Le demandeur justifie que cette situation est de nature à lui causer un préjudice distinct de celui compensé par les intérêts moratoires. La carence des copropriétaires défaillants oblige les autres copropriétaires à suppléer leur carence en avançant leurs charges à leur place et prive la communauté de sommes importantes nécessaires à la gestion et à l’entretien de l’immeuble.
L’attitude de M. et Mme [X] relève de la mauvaise foi et justifie leur condamnation à des dommages et intérêts complémentaires.
Par conséquent, M. et Mme [X] seront condamnés à verser au Syndicat des copropriétaires la somme de 1.000 euros.
Sur la solidarité
L’article 1310 du code civil prévoit que la solidarité est légale ou conventionnelle; elle ne se présume pas. Ainsi, la solidarité entre copropriétaires indivis d’un lot ne se présume pas. Elle doit etre expressément stipulée notamment au terme de la convention d’indivision ou du règlement de copropriété. Ainsi, la solidarité entre copropriétaires indivis d'un lot ne se présume point et qu'il faut qu'elle soit expressément stipulée (Cass. Civ. 3e, 20 janv. 1993, no 90-15.112).
En l’espèce, le syndicat des copropriétaires produit un extrait du règlement de copropriété d’où il ressort que : « en cas d’indivision ou de démembrement de la propriété d’un lot, les indivisaires d’une part et les nus-propriétaires et indivisaires d’autre part, seront tenus solidairement de l’entier paiement des charges afférentes au lot considéré ».

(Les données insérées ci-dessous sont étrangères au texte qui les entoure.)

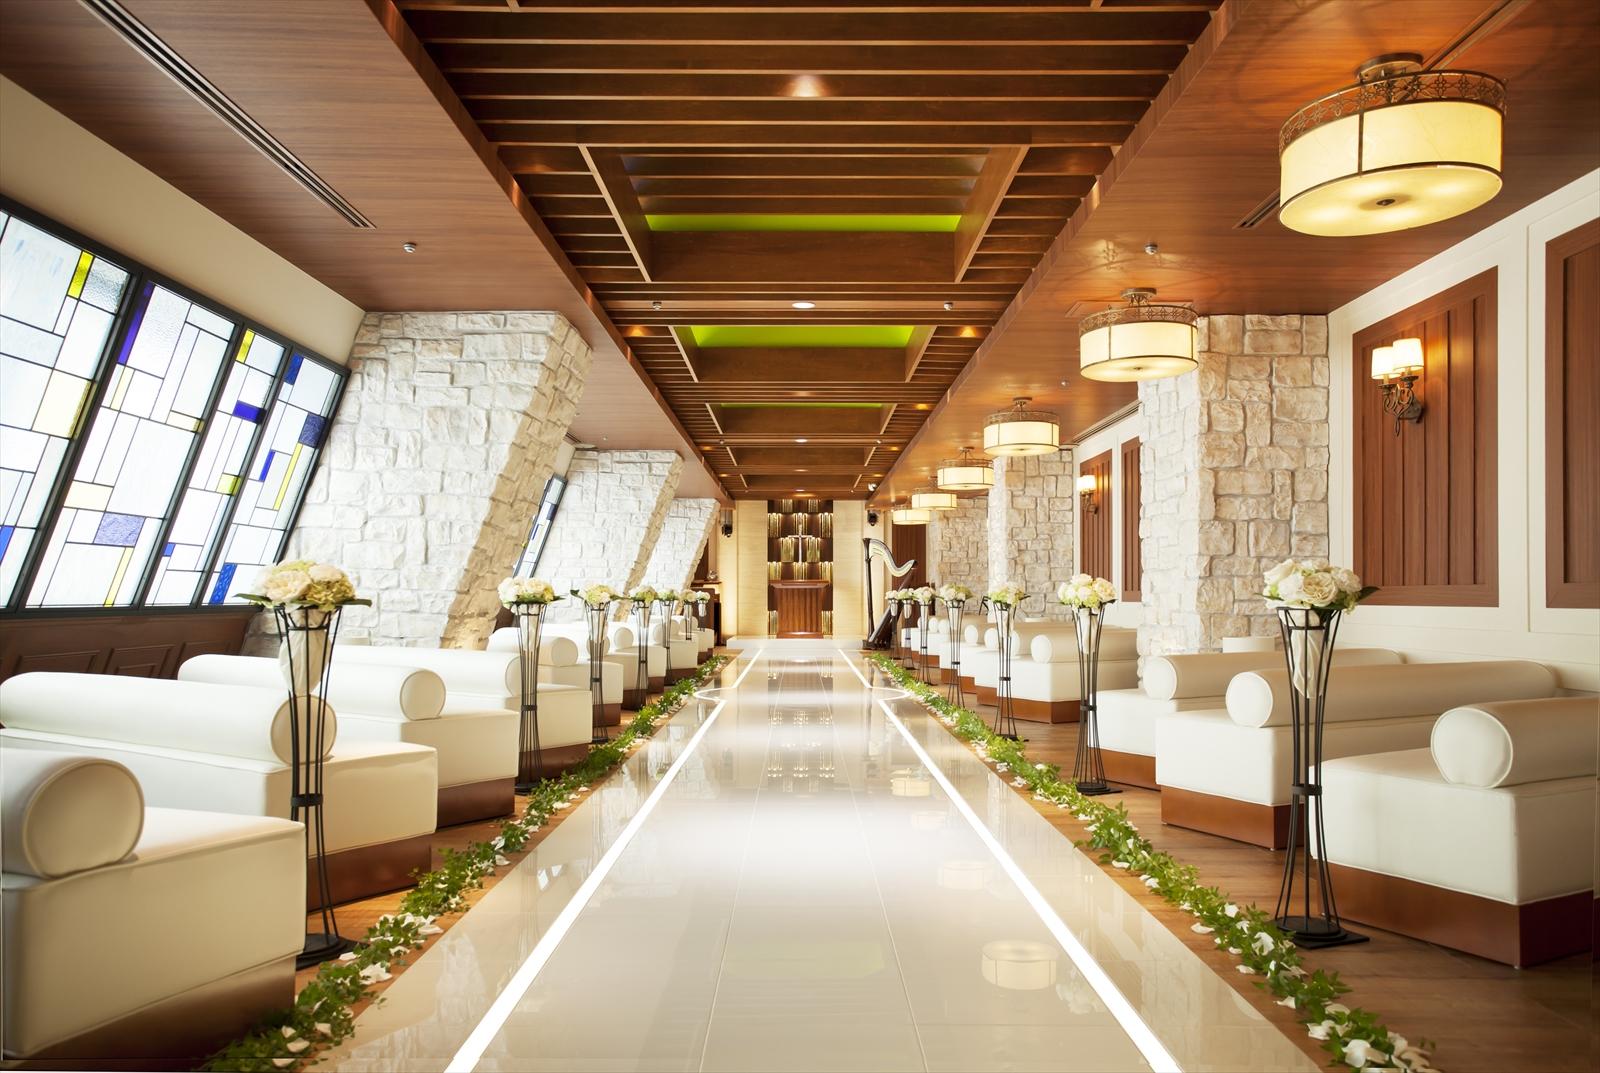 ホテル日航大阪 格安結婚式なら楽婚

Par conséquent, M. et Mme [X] seront condamnés solidairement aux sommes mises à leur charge.
Sur les autres demandes
M. et Mme [X], qui succombent, seront condamnés in solidum aux dépens de l’instance qui seront recouvrés directement par Me Audineau, avocat au barreau de Paris.

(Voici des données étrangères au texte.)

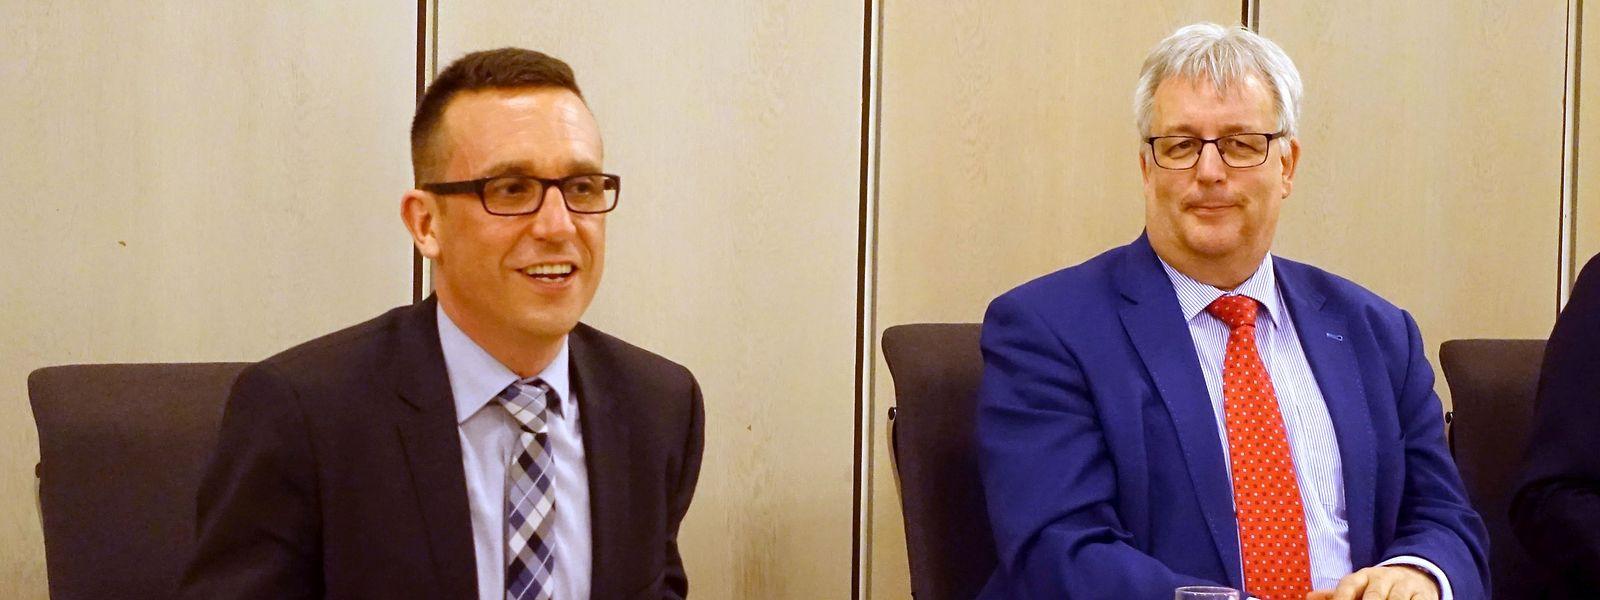 Thomas Schmitt (links) am Abend seiner Wahl im März 2017.

M. et Mme [X] seront également condamnés in solidum à verser 1.000 euros au syndicat des copropriétaires au titre de l’article 37 de la loi du 10 juillet 1991.
PAR CES MOTIFS
Le tribunal judiciaire de Bobigny, statuant publiquement par jugement réputé contradictoire par mise à disposition au greffe,
Condamne solidairement M. et Mme [X] à verser au syndicat des copropriétaires de la Résidence du Gros Saule, sise [Adresse 2] (93) la somme de 17.564,45 € à titre d’arriéré de charges de copropriété selon décompte arrêté au 1er janvier 2023, appels de fonds du 1er trimestre 2023 inclus ;
Condamne solidairement M. et Mme [X] à verser au syndicat des copropriétaires de la Résidence du Gros Saule, sise [Adresse 2] (93) la somme de 1.296 euros au titre des frais de recouvrement;
Condamne solidairement M. et Mme [X] au paiement des intérêts au taux légal avec capitalisation :
- sur la somme de 12.647,13 euros à compter du 27 juillet 2021 ;
- sur la somme de 577,26 euros à compter du 27 septembre 2021 ;
- sur la somme de 5.056,29 euros à compter du 19 septembre 2022 ;
- sur la somme de 579,77 euros à compter de l’assignation.
Condamne solidairement M. et Mme [X] à verser au syndicat des copropriétaires de la Résidence du Gros Saule, sise [Adresse 2] (93) la somme de 1.000 euros à titre de dommages-intérêts ;
Condamne in solidum M. et Mme [X] aux dépens dont distraction au profit de Me Audineau;
Condamne in solidum M. et Mme [X] à verser au syndicat des copropriétaires de la Résidence du Gros Saule, sise [Adresse 2] (93) la somme de 1.000 euros au titre de l’article 700 du code de procédure civile;
Fait au Palais de Justice, le 08 février 2024
La minute de la présente décision a été signée par Madame Mechtilde CARLIER, Juge, assistée de Madame Zahra AIT, greffière.